4. A human cold-read is the only path from `candidate` to `reviewed`. The machine proposes; the human in contact with reality disposes.
5. Equilibrium is not truth. The graph can be perfectly self-consistent and still wrong. The Source layer is what keeps it honest.

## 5. Scaling without drift

The failure mode at scale is silent drift: the vocabulary, the mappings, or the editorial hand slips while every local entry still looks fine. Defenses, structural not heroic:

1. Controlled vocabularies. Relation `type`, `purpose`, and the attribute enums are closed sets. New values require a logged decision, not an ad-hoc string.
2. Schema versioning. The data model carries a version; migrations are explicit and dated.
3. Validation gate. A build step refuses to publish if any Term lacks a function_statement or a Source, any Relation has an unknown type, or any alias_of lacks a shared function. Deterministic, the model cannot talk its way past it.
4. Append-only re-derivation log. Every structural change is dated with its reason, the only sanctioned way the structure moves (the map and red-team report already use this; the data inherits it).
5. Separation of identity from view. A term's identity is its function plus names plus sources. Cluster/floor and 3D position are views over that, regenerable, so re-organizing the display never mutates the meaning. This is what lets the model scale to hundreds of terms without the floors becoming the thing that drifts.

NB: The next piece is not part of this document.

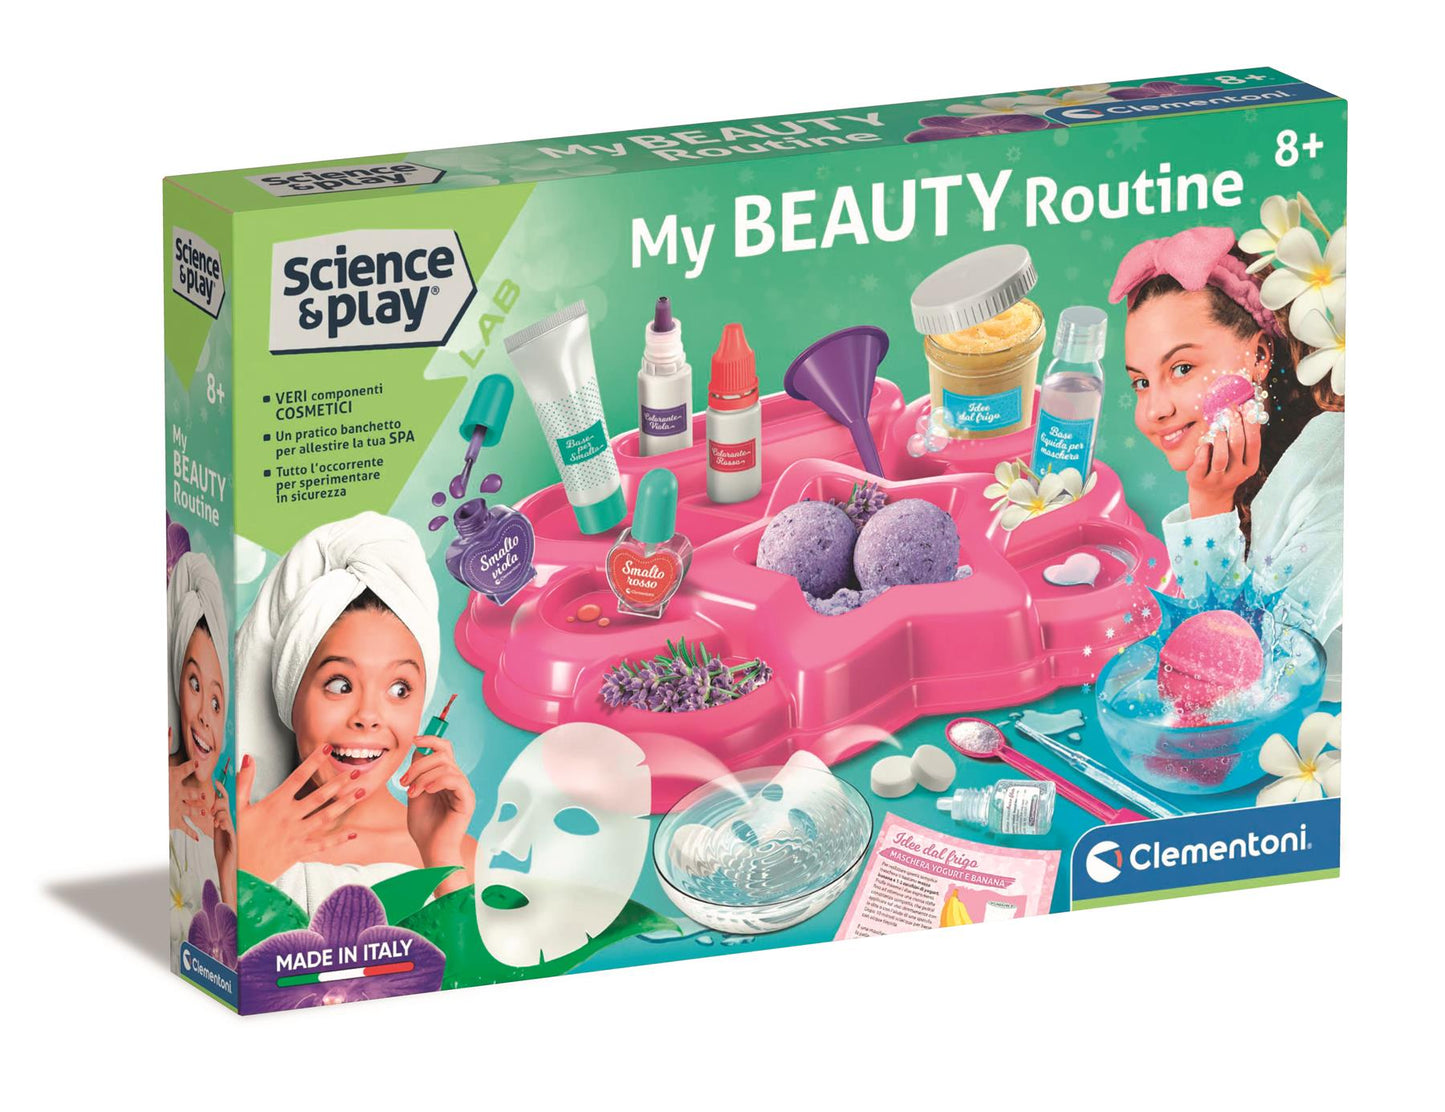 My Beauty Routine Toy Spa Kit
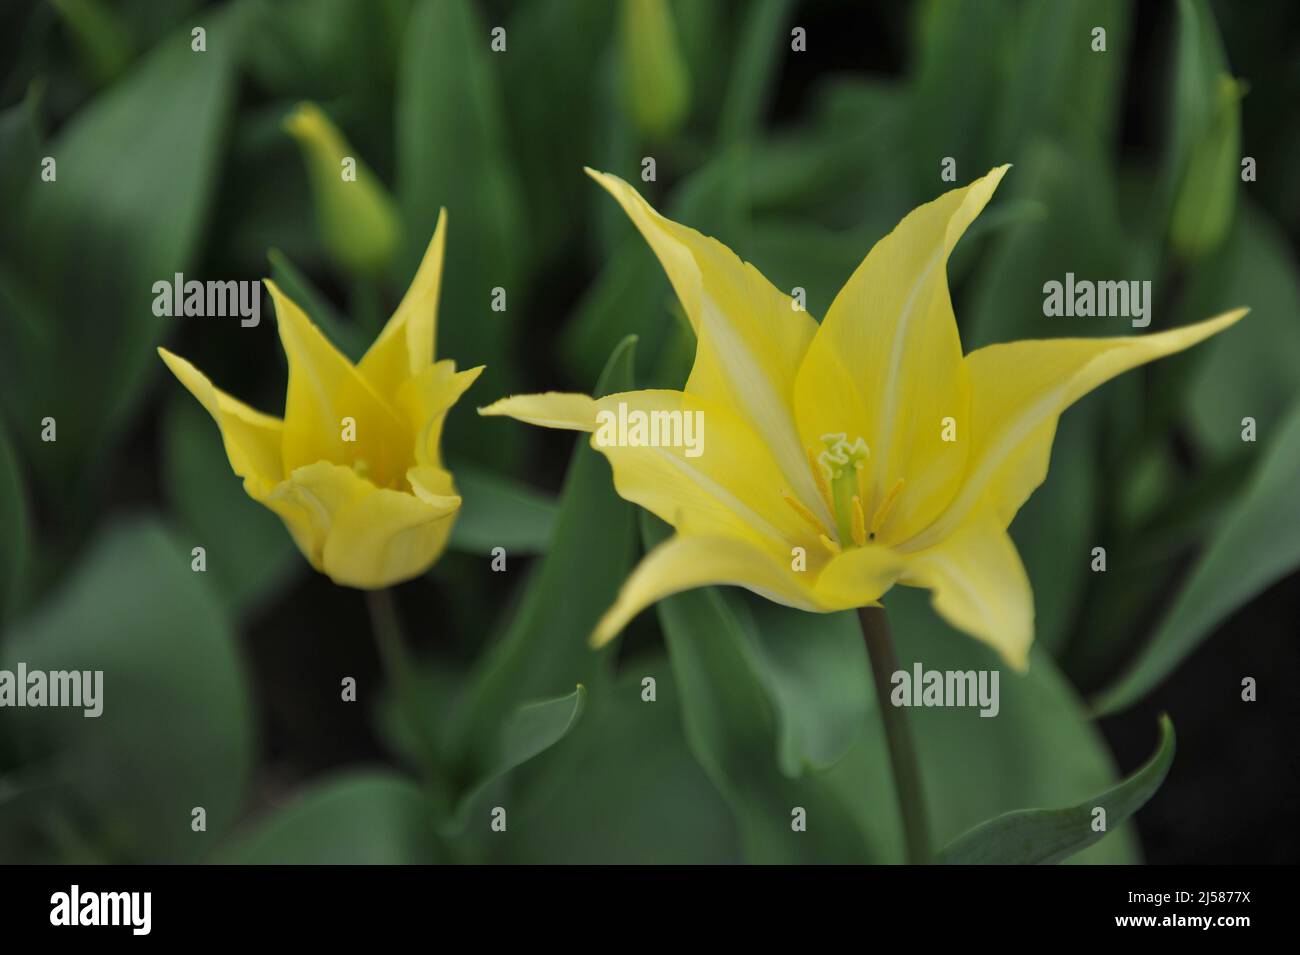 Yellow lily-flowered tulips (Tulipa) Florijn Chic bloom in a garden in March Stock Photo

## 6. Translator and reflection mechanics

- Non-narrative query: ask by structure, not prose. Examples the enriched model enables: "plain phrasings whose function maps to a NIST Check whose accountability is human and whose drift is silent," or "all handoff points on the Failure Modes floor." These are filters over typed attributes and relations, not keyword search.
- 3D to 2D reflection: the 3D stack is for exploration and pattern-spotting; the 2D reflections are for reading the pattern once seen. Planned reflections: an alias crosswalk table (plain vs technical, per function), a floor-by-floor relation heatmap, and a handoff matrix (human rows, AI columns) that makes AI-human coherence legible at a glance.
- Chat front-end (later): a thin layer that turns a plain sentence into a structured query, returns the calibrated technical term(s) with sources and confidence, and names the divergence if the field disagrees. The graph is the reasoning surface; the chat is the doorway.

## 7. Roadmap

1. Phase A (now): this design, plus migrate the existing 96 terms into the enriched Term schema with function_statements and at least one Source each. Mark everything `candidate`.
2. Phase B: author typed, directed Relations with evidence, starting with `alias_of` (the translator core) and `handoff` (the human-AI map). Add the validation gate.
3. Phase C: build the 2D reflections (crosswalk table, handoff matrix, heatmap) driven by the enriched data; wire them to the 3D map.
4. Phase D: non-narrative query layer over the typed data.
5. Phase E: chat doorway and divergence reporting.

Each phase ends with a cold-read review before its candidates can be promoted.

## 8. Carried risks (from the red-team)

- Authored, not discovered: until Phase B grounds relations in sources, patterns reflect the author. Mitigation: Source-first discipline and the validation gate.
- Signal dilution: a single dense component makes everything cohere with everything. Mitigation: typed/weighted relations and reflections that filter by type.
- Over-claiming ground truth: the strongest risk to the project's integrity. Mitigation: the `candidate / reviewed / contested` status on every record, shown in the UI, and human cold-read as the only promoter.
- Framing bias: US and institutional sources dominate. Mitigation: the Source registry's `family` and independence tags make the imbalance visible and correctable.